La ville intelligente aidera aussi Paris à réaliser les objectifs de développement durable qu'elle s'est fixés, notamment le fait d'organiser des Jeux à impact environnemental positif. "Nous voulons utiliser les JO pour initier une transition écologique", résume Jérôme Lachaze. En matière de transports, la chasse au véhicule personnel est ouverte : il sera impossible d'en utiliser un pour se rendre aux JO, puisqu'aucune place de parking ne sera prévue à cet effet, sauf pour les athlètes et les personnes accréditées, qui se déplaceront en véhicules propres fournis par le partenaire Toyota. Afin de faciliter le déplacement sans voiture, les tickets de transports en commun seront inclus dans les places pour assister à une compétition. Le Plan Vélo de la Mairie de Paris sert également ces objectifs : il prévoit la construction de nouvelles pistes cyclables connectant le Stade de France et le centre aquatique (Saint-Denis) au village olympique (Paris) et 10 000 places de stationnement de vélo supplémentaires.
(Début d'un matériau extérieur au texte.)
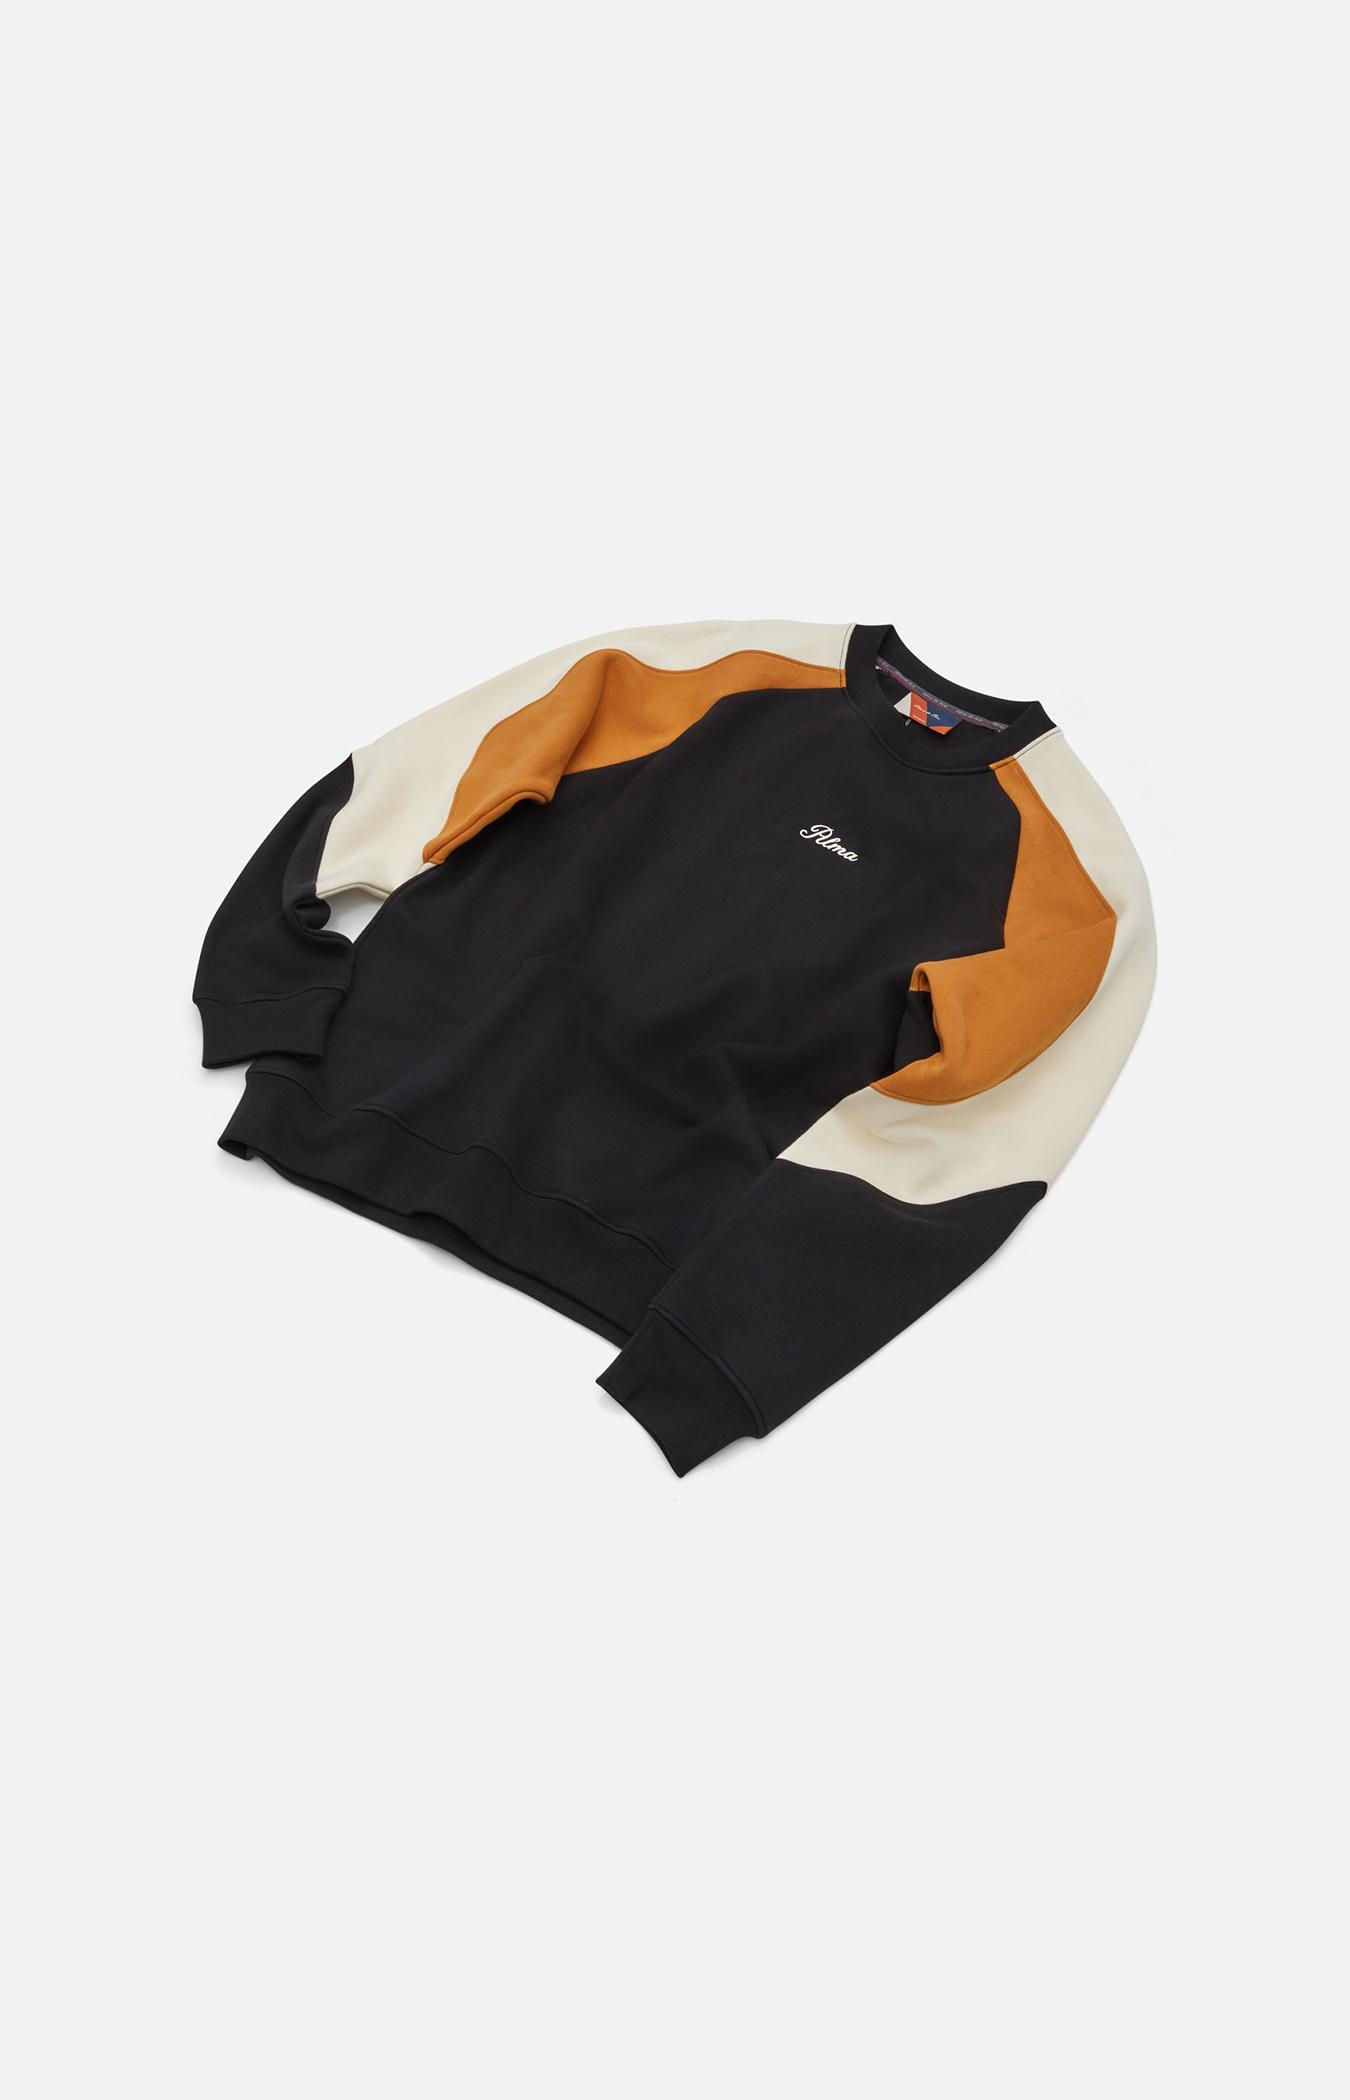 Black / Mustard  Parvis Sweatshirt

Collaboration avec les grands groupes

Pour ce qui est de l'énergie et de l'eau, des discussions sont en cours avec la Caisse des Dépôts pour intégrer des systèmes de gestion de l'eau intelligents ainsi que des smart grids afin de la réduire la consommation, les pertes, et bien sûr la facture. Engie planche notamment sur une boucle énergétique entre le Stade de France et le centre aquatique qui sera construit juste en face, à Saint-Denis. Equipé de panneaux solaires, le stade pourrait fournir en électricité le centre aquatique, ce qui "permettrait de le sortir de ce statut de bâtiment qui ne sert que 12 fois par an en lui donnant une utilité énergétique," se réjouit Jérôme Lachaze.

Maintenant que Paris est officiellement désignée, les solutions technologiques mises en avant durant la candidature, et les entreprises choisies pour les mettre en place, feront l'objet d'appels d'offre qui devraient intervenir à partir de 2021, après l'établissement des besoins et d'un cahier des charges en 2018-2019. En incluant des besoins forts en termes d'innovation et de smart city à ces cahiers des charges, Paris pourra s'assurer que les start-up auront accès aux marchés publics. Déjà, certains grands groupes partenaires, comme Orange ou Accor Hotels, ont commencé à travailler avec des start-up repérées lors de l'appel à innovation, afin d'inclure leurs produits dans leurs réponses aux appels d'offre.